WHAT THE TASK REQUIRES
Copy out the data exactly as it appears, without a single image.

EXERCISE DATA
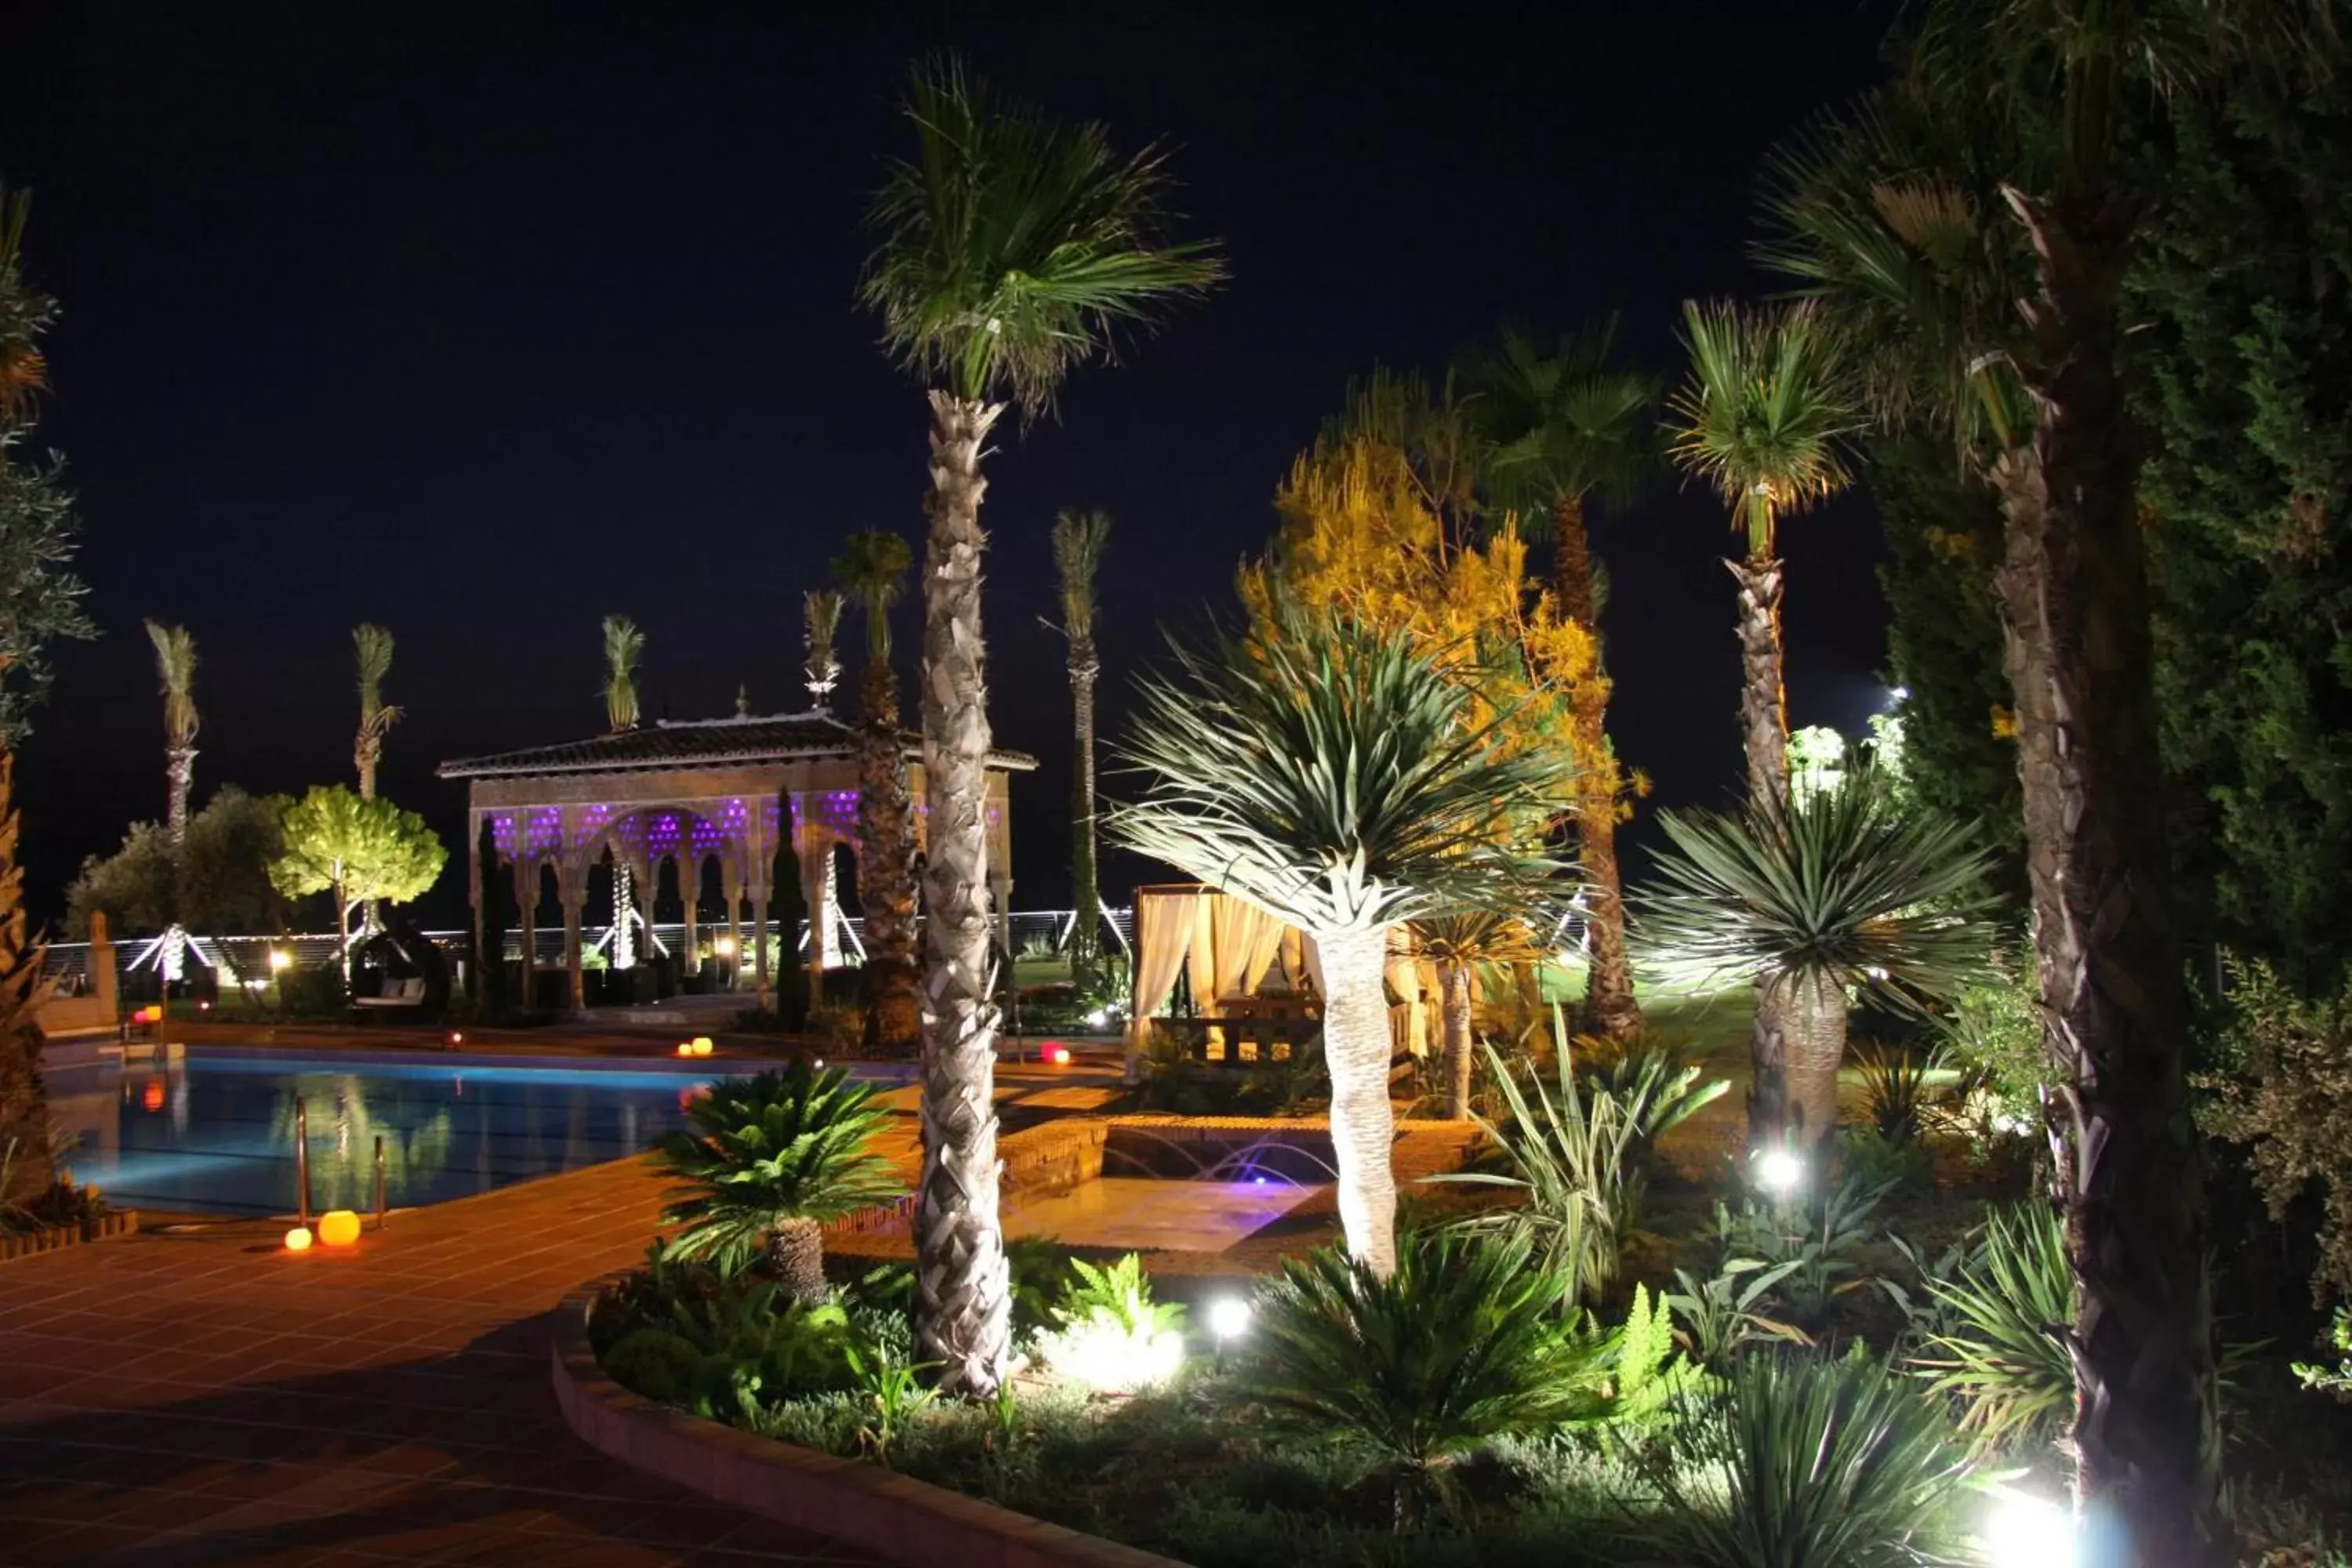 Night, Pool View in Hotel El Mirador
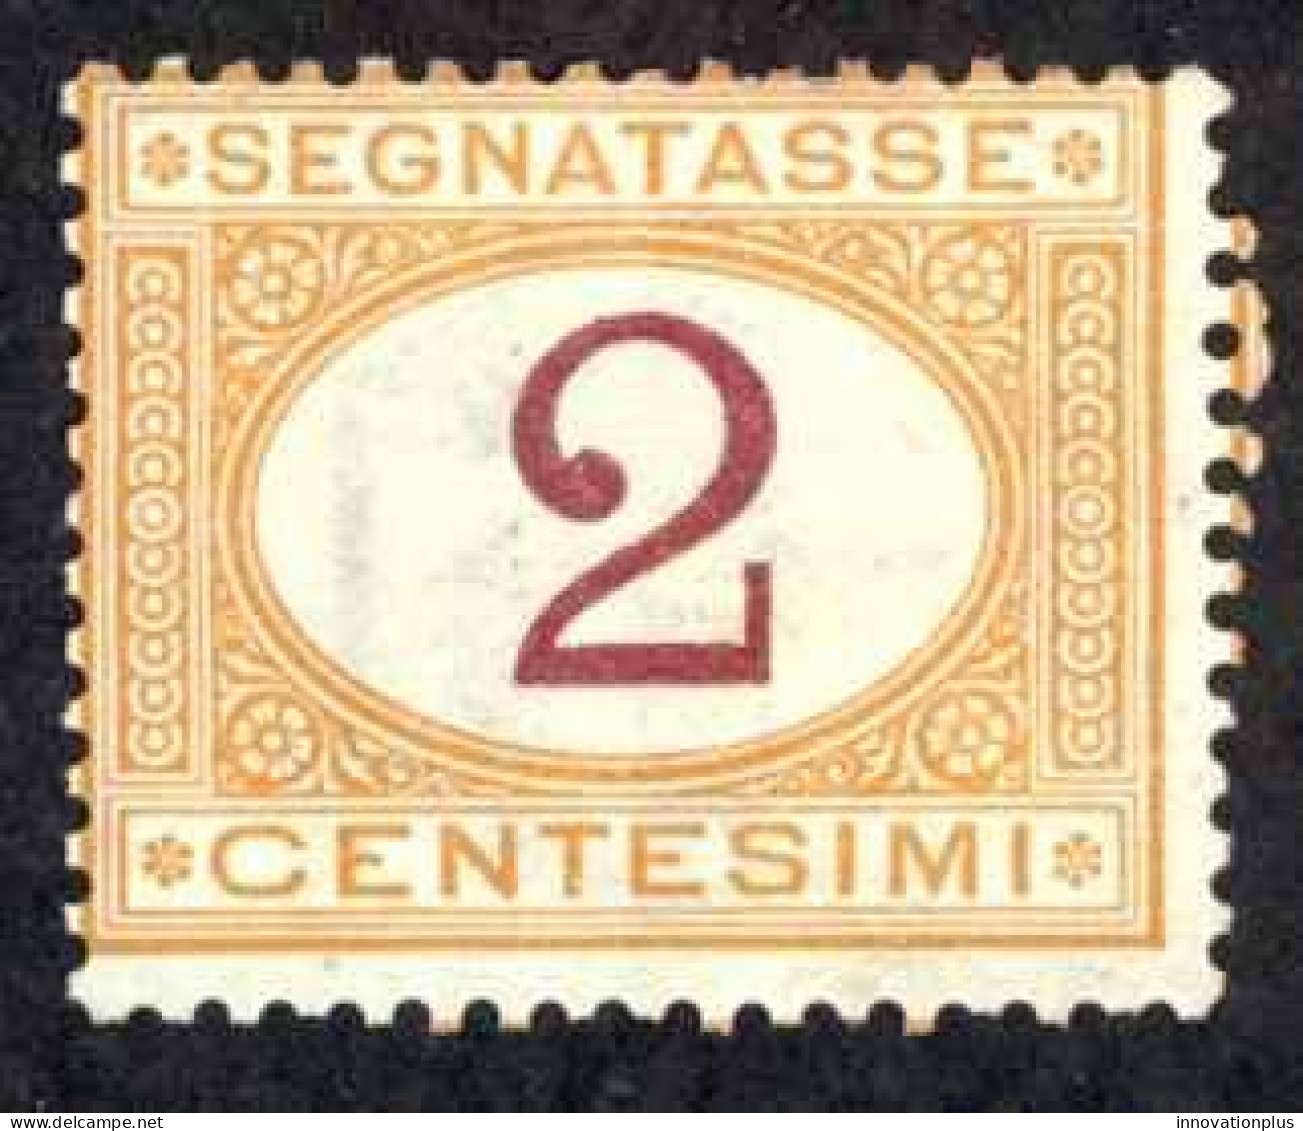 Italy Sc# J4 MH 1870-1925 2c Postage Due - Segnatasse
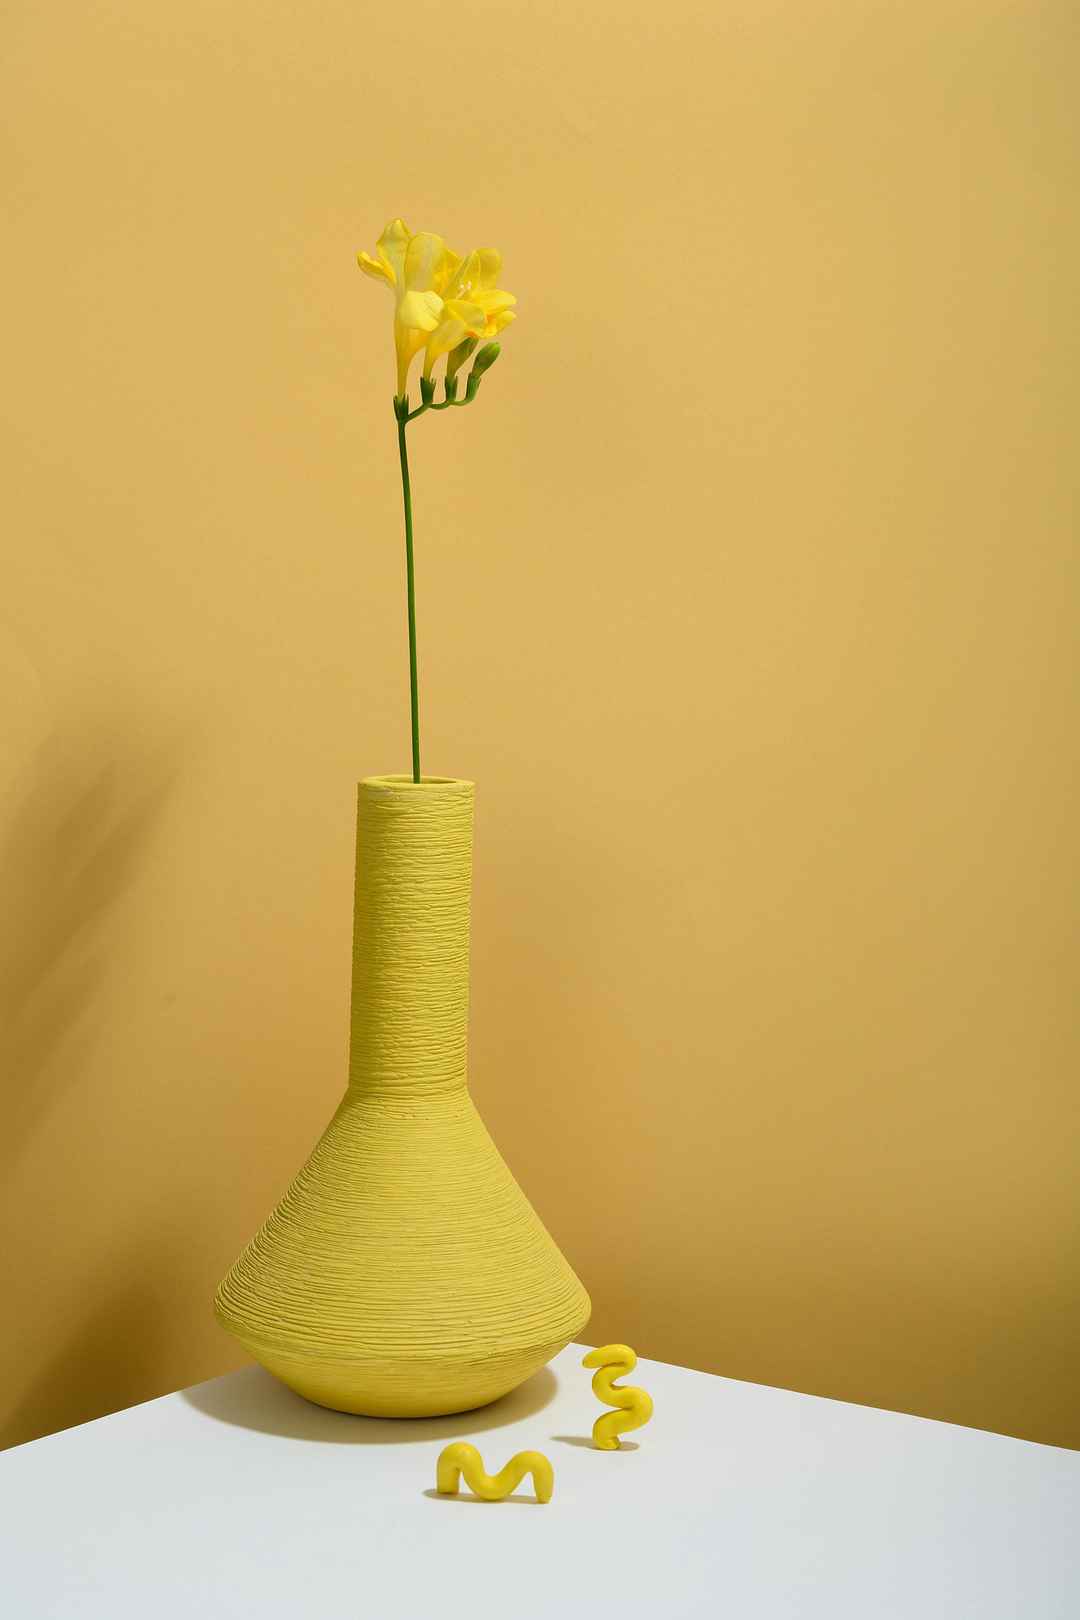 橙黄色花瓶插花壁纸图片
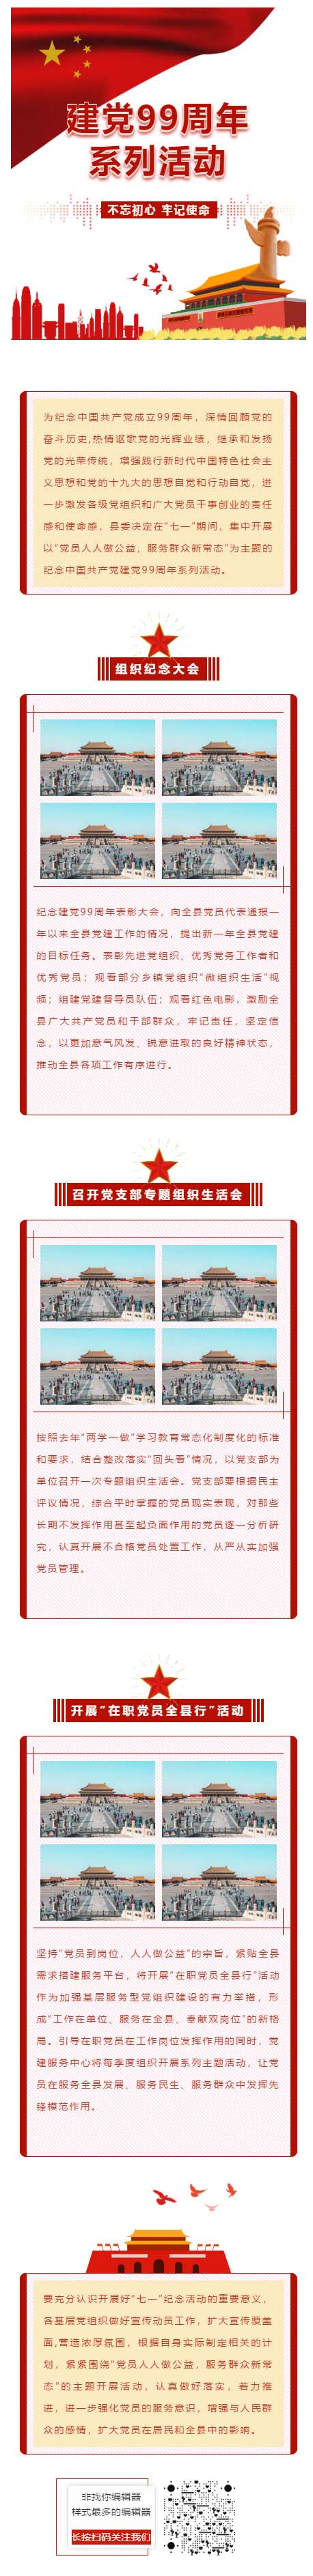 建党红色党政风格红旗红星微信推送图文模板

RESPONSE TO THE TASK
 Night, Pool View in Hotel El Mirador
 Italy Sc# J4 MH 1870-1925 2c Postage Due - Segnatasse
 橙黄色花瓶插花壁纸图片
 建党红色党政风格红旗红星微信推送图文模板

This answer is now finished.